It is well known that all our virtual social interactions are managed by software companies that manipulate all the personal data and share it with advertisers or other entities of interest, for the right price, of course. As this is if not abusive, very close to an abuse, new regulation institutions appeared. The Digital rights organization the Electronic Frontier Foundations ( EFF) offers an annual report called “Who’s got your back”, where it assesses providers’ transparency and privacy practices when it comes to government requests to access user data.
It seems that lately internet players proved to be more transparent with users in regards to data requests. The right to privacy was oftentimes forgotten by companies that won giant amounts of money from selling users’ data.
Over the past four years, tech giants started considering the levels of risk personal data exposure poses. At the same time, consumers too became more aware of the importance of their personal data.
The report awards companies up to a maximum of five stars for performance in “industry accepted best practices”, making users aware of the government data demands, namely disclosing policies on data retention. It doesn’t grade what dubs a “pro-user” public policy.
This report can be very revealing but however, all the entities manipulate and monetize personal data for advertising and sales purposes. This piece of document only grades those who do it with a little more decency.
On the good list we have Apple and Adobe, along with CREDO, Dropbox, Sonic, Wickr, Wikimedia, WordPress.com and Yahoo.
These nine companies performed best at the assessment and are commended for the full complement of pro-privacy and transparency positions. Also, the named companies took a public position in defense of encryption.
Encryption is something that Facebook also started doing for a while now. It is indeed a good sign that industries take into account a little more user protection.
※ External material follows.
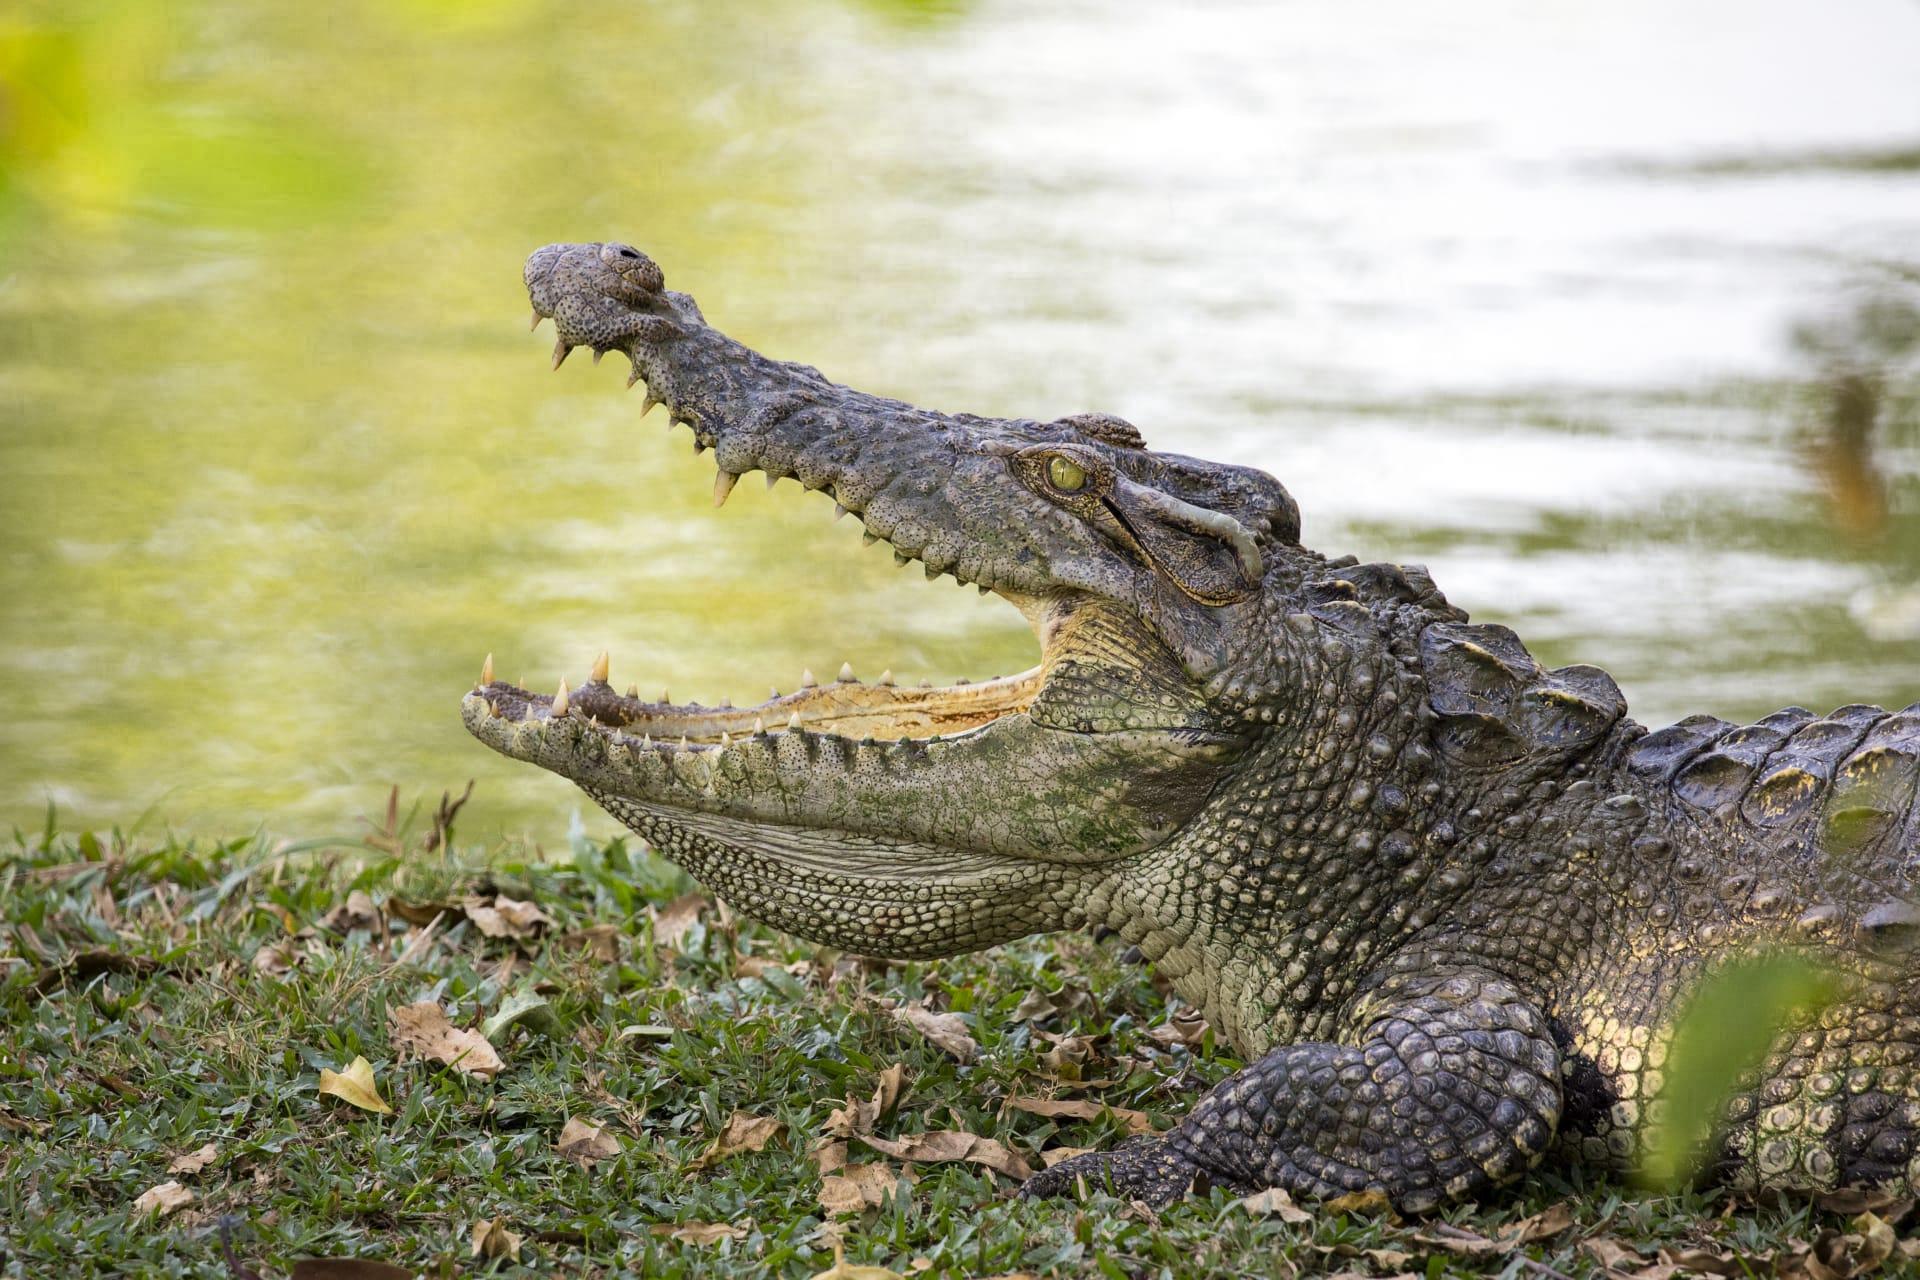 Crocodile pictures

The companies that performed poorly at the reports are WhatsApp and At&T that got just one good mark from a total of 5. WhatsApp is rated separately from parent Facebook.
Apple is known to have a privacy statement, recently strengthened by CEO Tim Cook at the latest Apple conference in San Francisco. This is however mostly part of their positioning on the markets, as Apple along with all the other social networks win giant amounts of money from manipulating personal data. This report is set to make all of us more aware of the info we share and maybe start reacting against that, as it is our natural right to have and hold on to our privacy.